On top of that, there's so much data out there showing that women aren't nominated for leadership positions as much, women aren't given awards as much, women aren't provided the grant funding. You were asking about numbers earlier. There is data from the NIH that shows women get less money in grant funding and they get less grants than their male colleagues. It is documented by the NIH.
I think the good thing is that now we're talking more about it. We have an immense amount of data showing that this is a problem, but we are at a point in time where we need to focus on solutions and how to fix this system that is so broken, that is really causing this 'great resignation' everyone keeps talking about. Because if we don't, we're going to end up chasing more and more brilliant women away from medicine and from healthcare altogether.
We're seeing it. I mean, the Match just happened and we're seeing Match spots going unfilled in primary care, in ER, we're seeing places where we really need healthcare workers and we need leadership and we need women. They're not interested in doing those things because they know all of these barriers exist and things haven't changed as much as they really should by now.
A lot of these issues aren't just affecting women, right? The things that both Dr. Jain and I advocate for would really benefit everyone in the healthcare system: having humane working conditions, having work be recognized, having all work be recognized and valued.
To the point that Dr. Jain made earlier, by the way, about that McKinsey study, they specifically looked at DEI -- diversity, equity, and inclusion -- and wellbeing, and they shared what proportion of the companies they surveyed said they valued those things, which was a very high proportion. It was like 75%-80% that said they valued those things. What proportion actually financially remunerated people for doing that work? It was about a quarter.
So those are the issues that, again, may disproportionately benefit women because women are doing that work more, but they really help everybody to truly value the work that we say as organizations we value, and value it financially, value it when we're looking at promotions, value it when we're looking at opportunities for career development.
The other thing I wanted to say to go off what Dr. Jain was saying, often people say to me things like, "Well, women just leave the field, so we shouldn't even train women to be physicians." People have said this to me directly: "You've taken up a spot that should have gone to someone else."
I don't know if whoever will see this is aware, but I am not currently practicing.

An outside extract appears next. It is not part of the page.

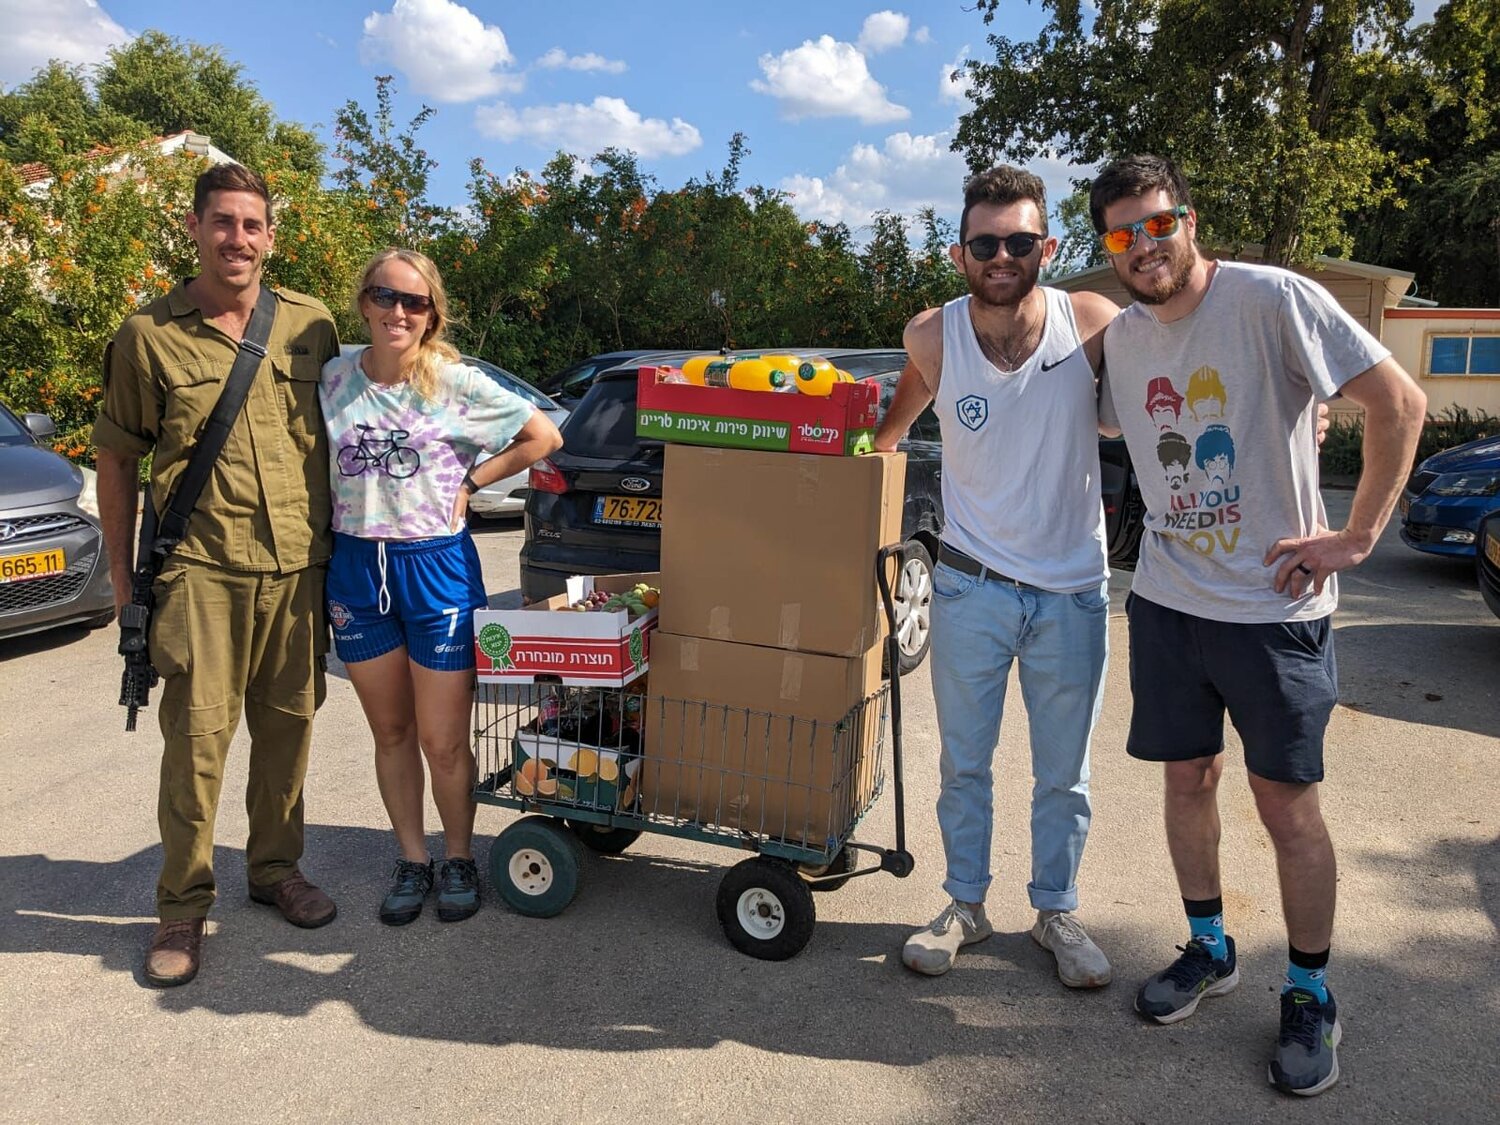 Sarah Meisenberg has organized a three-person team to raise money and deliver meals to Israeli soldiers.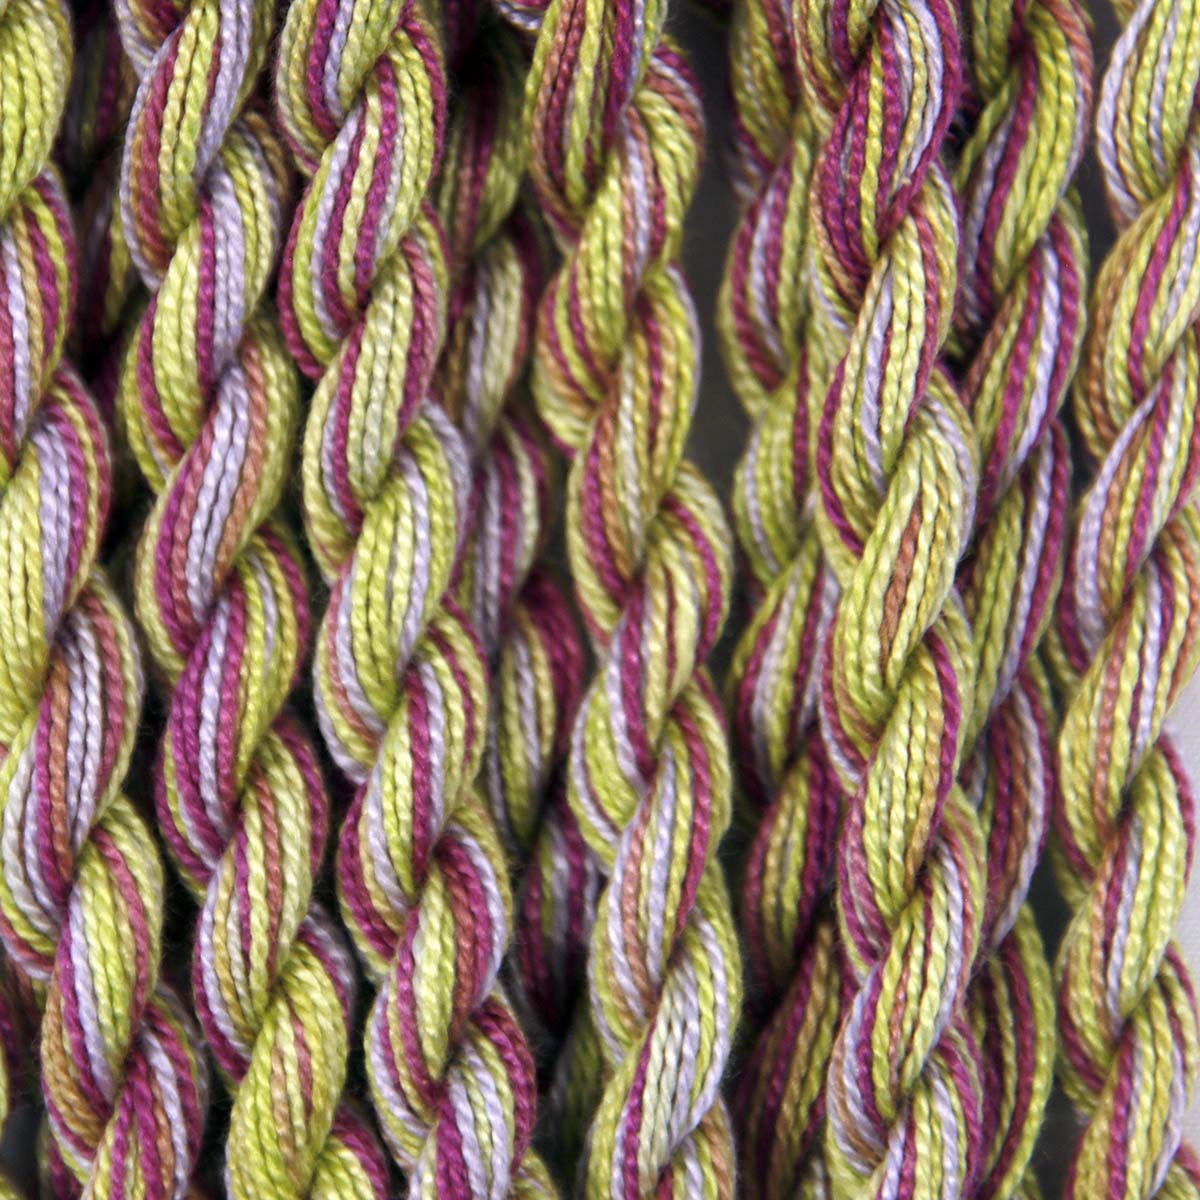 www.colourstreams.com.au Colour Streams Hand Dyed Swww.colourstreams.com.au Colour Streams Hand Dyed Cotton Threads Cotto Strands Slow Stitch Embroidery Textile Arts Fibre DL 51 Blushing Fig Purples Pinks Greens

My relationship with clinical practice is a little hot and cold, mostly cold, and it's because of a lot of the things Dr. Jain was describing and my unwillingness to put up with the mistreatment that I was experiencing, which other people are experiencing too, and not just women.
I should note, by the way, [it affects] disproportionately women of color and people with multiple marginalized identities, But it's not just us.
Everyone is, in my opinion, being mistreated in some way or other in healthcare because of the way our current system is, and that's why we're seeing such large numbers of nurses leaving the profession and such large numbers of physicians intending to leave. The same pressures that force [women] to make these very difficult decisions and cut back our time or potentially leave clinical medicine are really impacting everyone.
So it's really going to benefit all of us to fix that. It's not that women are leaving because we can't handle it. I mean, I get that too: "Oh, you were just too weak." No, I'm just making a different choice. You can choose to be harassed all day long and still show up. I choose not to do that. That's not weakness, you know?
So I just want to reframe that a little bit for people who are sitting out there going, "Ugh, these women, all they want to do is complain." Really what we're saying is that we all deserve humane working conditions.